Assignment ::
Below is a listing; transcribe it exactly but without any images.
** Data shown follows **
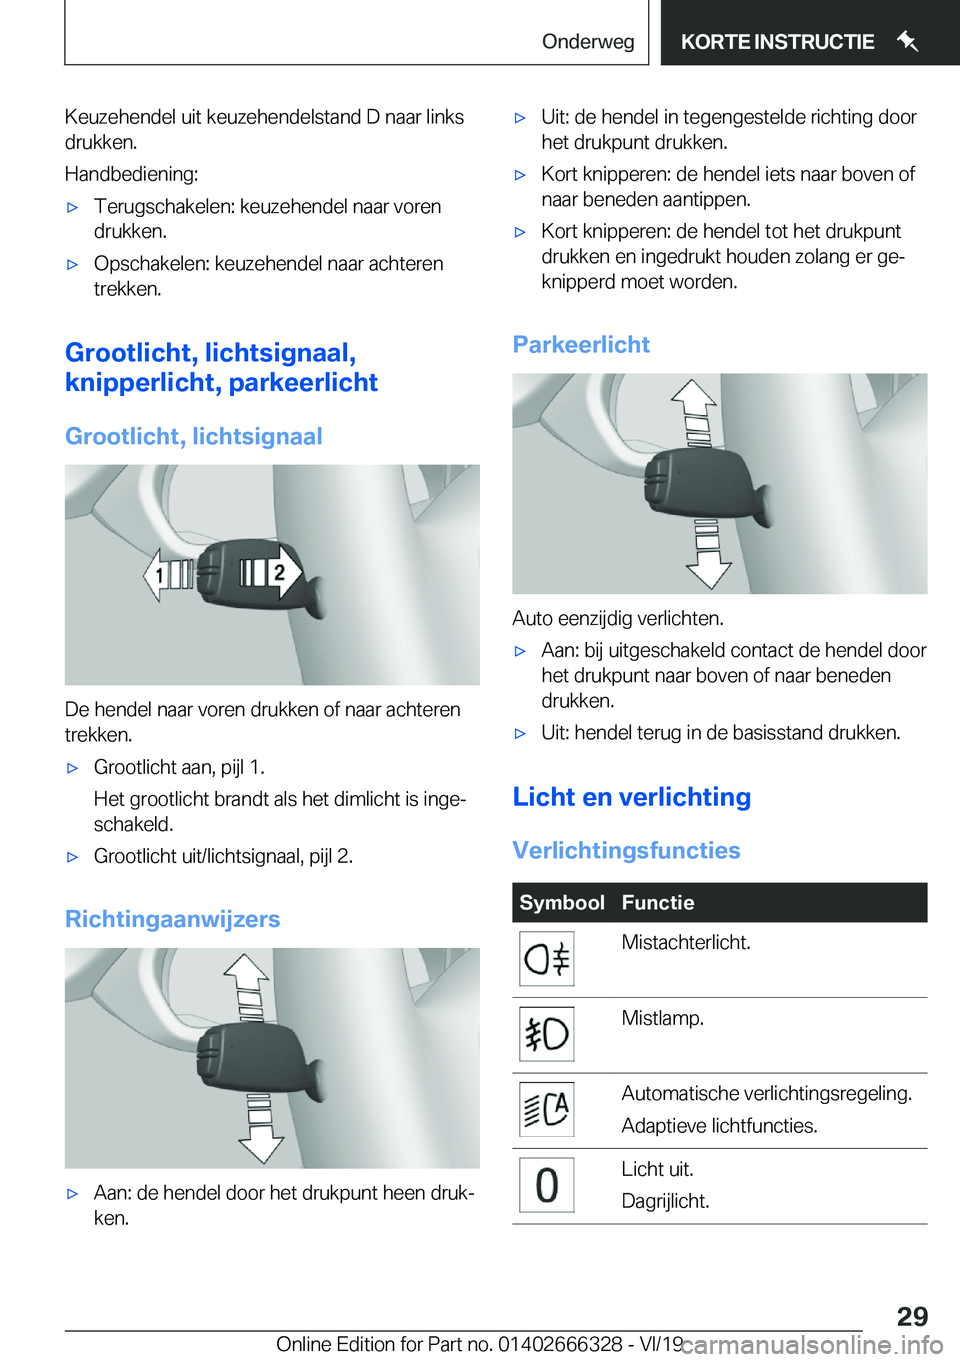 BMW 4 SERIES COUPE 2020  Instructieboekjes (in Dutch) �K�e�u�z�e�h�e�n�d�e�l��u�i�t��k�e�u�z�e�h�e�n�d�e�l�s�t�a�n�d��D��n�a�a�r��l�i�n�k�s
�d�r�u�k�k�e�n�.
�H�a�n�d�b�e�d�i�e�n�i�n�g�:'x�T�e�r�u�g�s�c�h�a�k�e�l�e�n�:��k�e�u�z�e�h�e�n�d�e�l��n
** End of Data shown **
Task result ::
 BMW 4 SERIES COUPE 2020  Instructieboekjes (in Dutch) �K�e�u�z�e�h�e�n�d�e�l��u�i�t��k�e�u�z�e�h�e�n�d�e�l�s�t�a�n�d��D��n�a�a�r��l�i�n�k�s
�d�r�u�k�k�e�n�.
�H�a�n�d�b�e�d�i�e�n�i�n�g�:'x�T�e�r�u�g�s�c�h�a�k�e�l�e�n�:��k�e�u�z�e�h�e�n�d�e�l��n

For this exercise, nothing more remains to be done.